Cassaday wants next government to re-visit industry regs


TORONTO – In his speech to shareholders during Corus Entertainment’s annual general meeting on Thursday, company president and CEO John Cassaday decried the state of government policy when it comes to TV and radio regs.

“While it is true that companies such as Corus have performed well in the past, in this time of unprecedented technological change and global flows, we cannot take the future prosperity of our sector for granted,” he said.

What follows is an excerpt of his written speech:

Our view is that the agencies responsible for regulating our industry are not sufficiently aligned behind the broad government policy of competitiveness and prosperity.

Achieving such alignment is an important strategic priority for our new government regardless of which party is in power.

1. Canadian regulation of the communication industry is internally focussed and needs to be re-framed to consider our relative position versus successful media and communications companies in the U.S.

We compete with these companies for capital and thus the tools to innovate, create jobs and prosper.

The recent increase in SOCAN fees is a good example. Fees were increased despite the fact that the growth in this royalty payment had already increased by 19% over the preceding five years. In this fiscal year Corus will pay at least 25% more than we did last year.

So, our “social” costs in radio are now three times higher than in the U.S. The margin gap, and this significant contributor to its existence, does not go unnoticed by U.S. investors.

2. Canadian regulation is incremental and focuses on subsidizing failure as opposed to recognizing success. The recent policy to increase Canadian expenditure commitments in brackets based on operating margins represents the introduction of telecom rate of return regulation that has no place in a competitive environment like Canadian television.

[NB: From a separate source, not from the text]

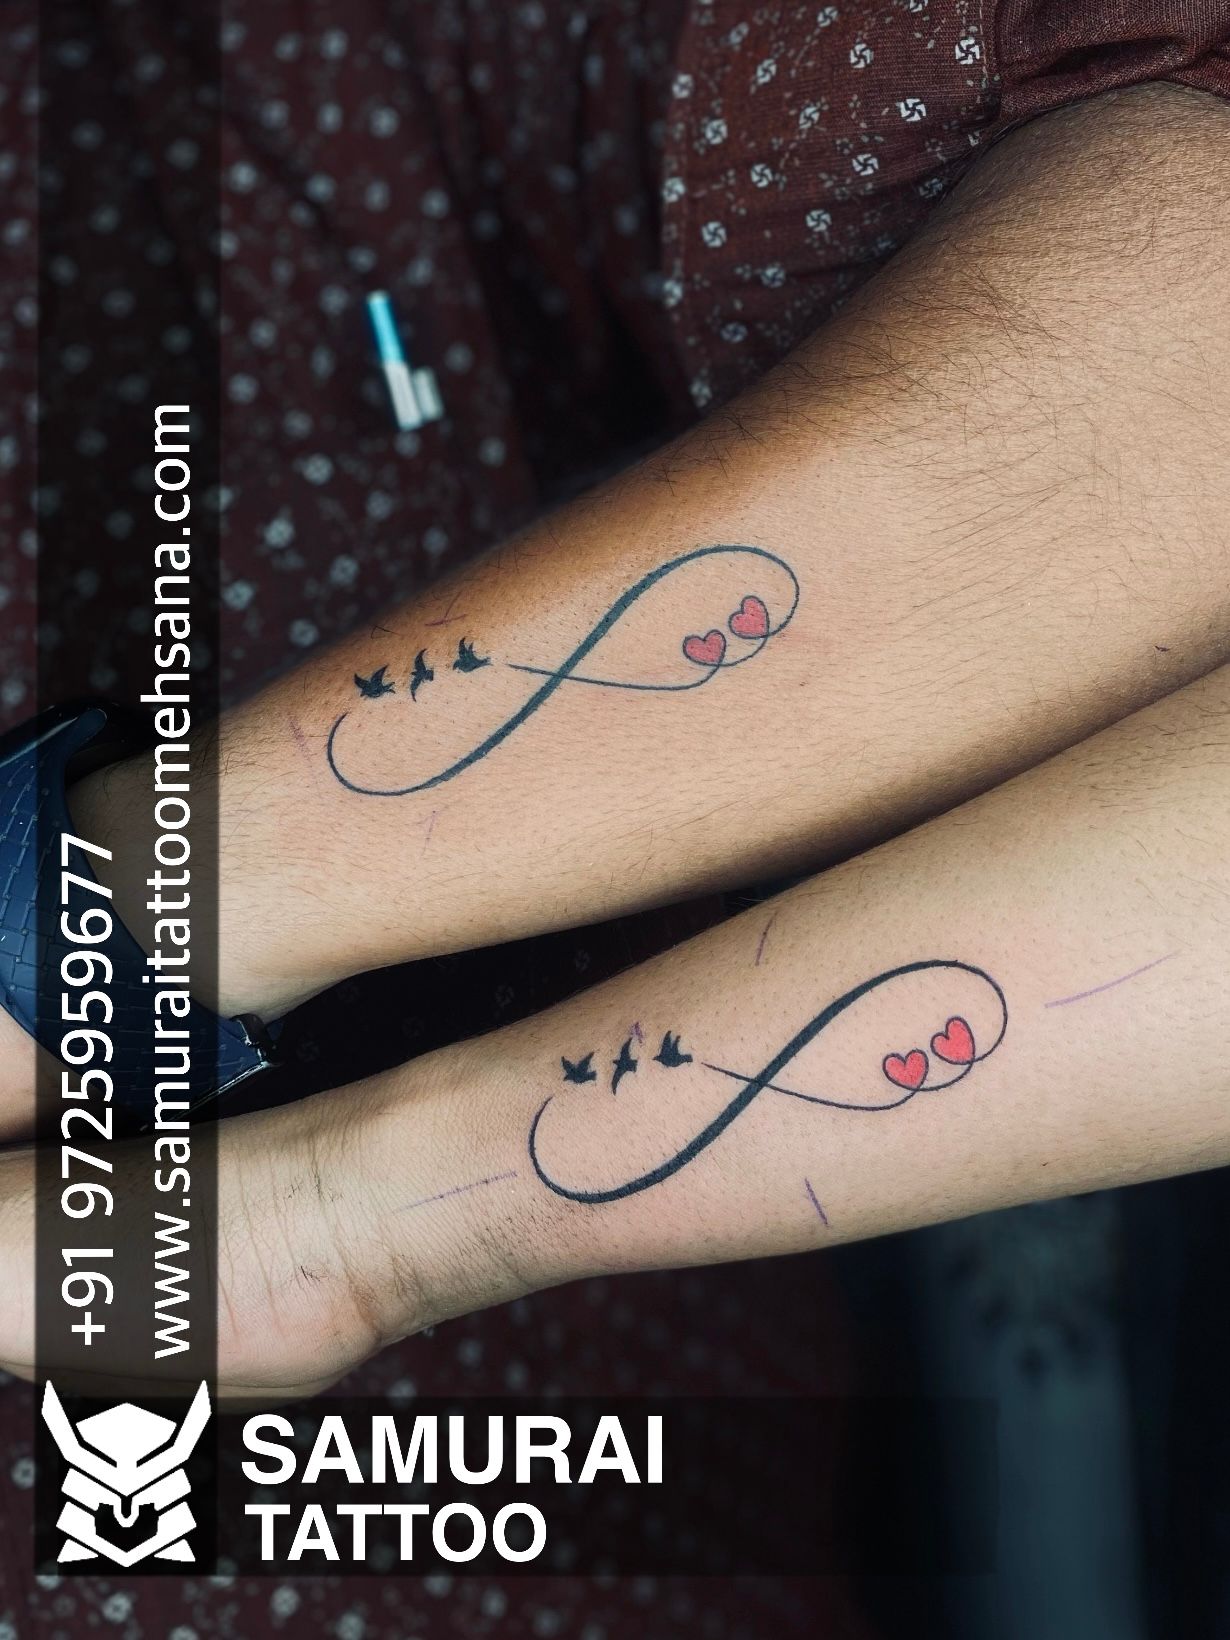 tattoo #kumartattoostudio done by... - Kumar tattoo studio | Facebook

Our success in television is due to programming excellence and customer service, not rate regulation.

It is almost impossible to find an example of a specialty TV service that has had a subscriber rate increase in the past 10 years. Our success, therefore, is due to effective cost control and excellent performance by our programming and sales and marketing teams.

The single most effective way to stimulate the distinctiveness of the Canadian broadcasting system is to encourage increased contributions to artists and producers through economic growth not through progressive taxes on profits.

3. Finally, a recommendation that we have made many times in the past. We need to rethink our policy on industry consolidation. Canada needs to encourage the creation of strong media companies.

We walk a tight rope in our industry. That tight rope has cultural obligations on one side in return for protection from foreign interests on the other. It’s a system cobbled together by a series of puts and takes recognizing our scale limitation, that on an isolated basis looks flawed but in total works reasonably well.

However, going forward, securing programming rights will be essential for continued success and we need companies strong enough to be viewed as viable partners in the delivering of expensive intellectual property.

While we assess the merits of allowing consolidation and the creation of large media companies to ensure survival, we also need to assess the on-going merit of high-public benefits taxes – 10% for TV, 6% for Radio instituted at a time when multi-billion dollar transactions were not contemplated.

So, in summary from a government policy point of view, there is a need to:

1. Embrace the merits of fostering a globally competitive industry.
2. Reward success.
3. Increase the probability of success by encouraging the creation of larger enterprises.